Which lines run from the line with "love birds, love image for wallpaper" through the line with "LUXOR TUTV2500 Remote Control Alternative" in the entries below? Print them exactly, both ends included, and nothing more.

• **Data extracted from a collection**:
---+---
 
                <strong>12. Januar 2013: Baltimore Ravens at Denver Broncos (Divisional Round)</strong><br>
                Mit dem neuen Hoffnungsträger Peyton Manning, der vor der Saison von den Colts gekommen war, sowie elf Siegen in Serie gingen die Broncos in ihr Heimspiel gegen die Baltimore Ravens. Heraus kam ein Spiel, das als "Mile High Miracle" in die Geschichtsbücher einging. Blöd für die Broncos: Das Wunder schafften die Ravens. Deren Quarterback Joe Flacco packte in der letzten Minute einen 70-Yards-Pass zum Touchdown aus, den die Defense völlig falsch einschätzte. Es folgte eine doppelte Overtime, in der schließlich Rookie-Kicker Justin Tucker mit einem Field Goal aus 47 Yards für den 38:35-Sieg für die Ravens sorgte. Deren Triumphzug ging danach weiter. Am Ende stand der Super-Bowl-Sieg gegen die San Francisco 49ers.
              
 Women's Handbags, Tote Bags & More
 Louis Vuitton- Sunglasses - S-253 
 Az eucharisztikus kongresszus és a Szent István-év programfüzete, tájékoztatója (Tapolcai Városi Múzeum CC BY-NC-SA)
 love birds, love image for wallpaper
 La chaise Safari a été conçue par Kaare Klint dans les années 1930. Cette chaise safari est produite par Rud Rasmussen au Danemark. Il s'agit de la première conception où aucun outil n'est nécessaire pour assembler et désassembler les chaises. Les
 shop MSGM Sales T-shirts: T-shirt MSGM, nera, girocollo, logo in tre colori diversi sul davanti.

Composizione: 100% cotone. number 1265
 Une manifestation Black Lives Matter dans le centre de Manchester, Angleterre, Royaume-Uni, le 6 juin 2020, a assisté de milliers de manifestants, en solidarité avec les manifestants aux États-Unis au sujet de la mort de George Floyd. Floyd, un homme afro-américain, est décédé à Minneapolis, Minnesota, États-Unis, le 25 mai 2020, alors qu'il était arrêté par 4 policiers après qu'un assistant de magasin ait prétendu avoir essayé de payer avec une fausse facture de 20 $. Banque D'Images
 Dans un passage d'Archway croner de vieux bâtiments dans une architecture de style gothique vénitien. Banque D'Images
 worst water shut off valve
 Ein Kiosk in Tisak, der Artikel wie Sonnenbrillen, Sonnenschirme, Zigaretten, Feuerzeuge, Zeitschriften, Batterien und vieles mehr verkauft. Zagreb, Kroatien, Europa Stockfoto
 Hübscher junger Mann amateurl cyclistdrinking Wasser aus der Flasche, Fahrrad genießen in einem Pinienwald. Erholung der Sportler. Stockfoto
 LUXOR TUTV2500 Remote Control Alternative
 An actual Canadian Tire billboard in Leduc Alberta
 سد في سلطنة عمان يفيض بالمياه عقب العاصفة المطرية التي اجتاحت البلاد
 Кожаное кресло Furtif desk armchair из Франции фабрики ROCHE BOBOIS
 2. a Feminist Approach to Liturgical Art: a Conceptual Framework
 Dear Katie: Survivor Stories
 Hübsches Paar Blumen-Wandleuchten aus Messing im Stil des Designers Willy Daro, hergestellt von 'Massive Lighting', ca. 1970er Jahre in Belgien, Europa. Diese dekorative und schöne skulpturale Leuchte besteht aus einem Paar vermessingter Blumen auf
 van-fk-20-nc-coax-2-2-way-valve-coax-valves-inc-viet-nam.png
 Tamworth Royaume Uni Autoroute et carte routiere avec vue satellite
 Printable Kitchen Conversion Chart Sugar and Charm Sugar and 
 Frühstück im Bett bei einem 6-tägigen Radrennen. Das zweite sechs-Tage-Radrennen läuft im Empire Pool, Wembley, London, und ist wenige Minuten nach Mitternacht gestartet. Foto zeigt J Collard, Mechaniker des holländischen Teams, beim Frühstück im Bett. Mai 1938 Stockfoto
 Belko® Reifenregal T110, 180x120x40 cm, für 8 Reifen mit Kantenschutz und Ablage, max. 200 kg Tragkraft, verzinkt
---+---
• **RESULT OF THE EXERCISE**:
 love birds, love image for wallpaper
 La chaise Safari a été conçue par Kaare Klint dans les années 1930. Cette chaise safari est produite par Rud Rasmussen au Danemark. Il s'agit de la première conception où aucun outil n'est nécessaire pour assembler et désassembler les chaises. Les
 shop MSGM Sales T-shirts: T-shirt MSGM, nera, girocollo, logo in tre colori diversi sul davanti.

Composizione: 100% cotone. number 1265
 Une manifestation Black Lives Matter dans le centre de Manchester, Angleterre, Royaume-Uni, le 6 juin 2020, a assisté de milliers de manifestants, en solidarité avec les manifestants aux États-Unis au sujet de la mort de George Floyd. Floyd, un homme afro-américain, est décédé à Minneapolis, Minnesota, États-Unis, le 25 mai 2020, alors qu'il était arrêté par 4 policiers après qu'un assistant de magasin ait prétendu avoir essayé de payer avec une fausse facture de 20 $. Banque D'Images
 Dans un passage d'Archway croner de vieux bâtiments dans une architecture de style gothique vénitien. Banque D'Images
 worst water shut off valve
 Ein Kiosk in Tisak, der Artikel wie Sonnenbrillen, Sonnenschirme, Zigaretten, Feuerzeuge, Zeitschriften, Batterien und vieles mehr verkauft. Zagreb, Kroatien, Europa Stockfoto
 Hübscher junger Mann amateurl cyclistdrinking Wasser aus der Flasche, Fahrrad genießen in einem Pinienwald. Erholung der Sportler. Stockfoto
 LUXOR TUTV2500 Remote Control Alternative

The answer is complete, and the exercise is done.